Oracle7 Server Tuning

Library

Product

Contents

Index

Parallel Query Concepts

Parallel Query Concepts
Parallel Query Processing
Parallelizing SQL Statements
Setting the Degree of Parallelism
Managing the Query Servers

Parallel Query Concepts

This appendix describes the Oracle Server parallel query feature, covering the topics:

The information in this chapter applies only to the Oracle Server with the parallel query feature.

Note: Parallel query is not the same as the Parallel Server option of the Oracle Server. The Parallel Server option is not required to use this feature. However, some aspects of the parallel query feature apply only to an Oracle Parallel Server.

Parallel Query Processing

Without the parallel query feature, the processing of a SQL statement is always performed by a single server process. With the parallel query feature, multiple processes can work together simultaneously to process a single SQL statement. This capability is called parallel query processing. By dividing the work necessary to process a statement among multiple server processes, the Oracle Server can process the statement more quickly than if only a single server process processed it.

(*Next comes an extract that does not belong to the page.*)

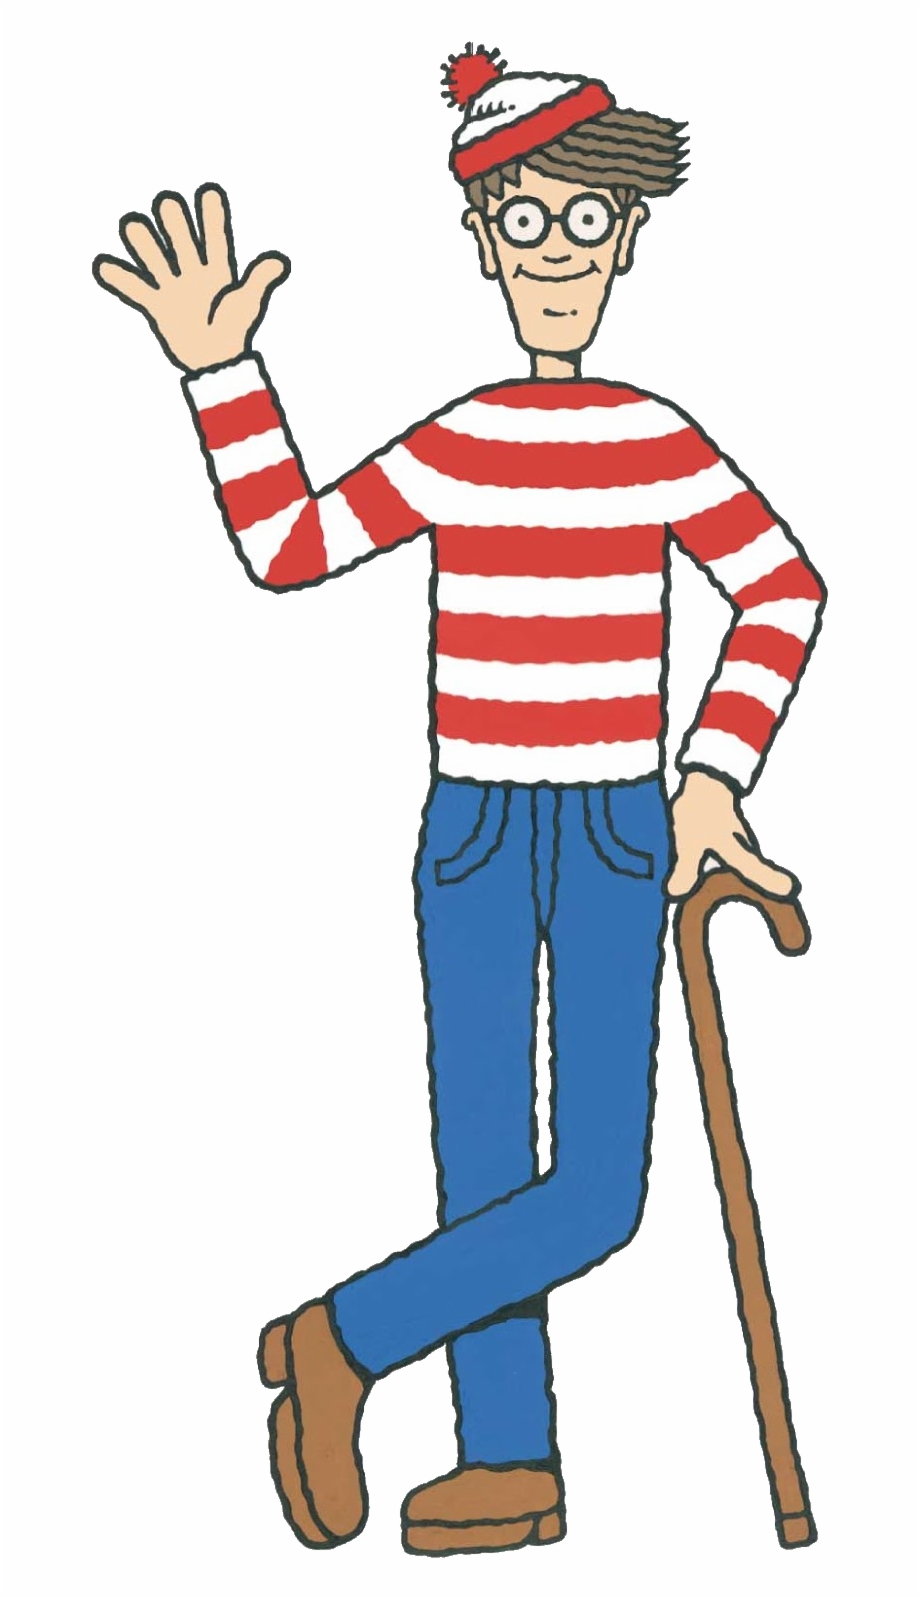 Waldo is Found!

The parallel query feature can dramatically improve performance for data-intensive operations associated with decision support applications or very large database environments. Symmetric multiprocessing (SMP), clustered, or massively parallel systems gain the largest performance benefits from the parallel query feature because query processing can be effectively split up among many CPUs on a single system.

It is important to note that the query is parallelized dynamically at execution time. Thus, if the distribution or location of the data changes, Oracle automatically adapts to optimize the parallelization for each execution of a SQL statement.

The parallel query feature helps systems scale in performance when adding hardware resources. If your system's CPUs and disk controllers are already heavily loaded, you need to alleviate the system's load before using the parallel query feature to improve performance. Chapter 18, "Parallel Query Tuning" describes how your system can achieve the best performance with the parallel query feature.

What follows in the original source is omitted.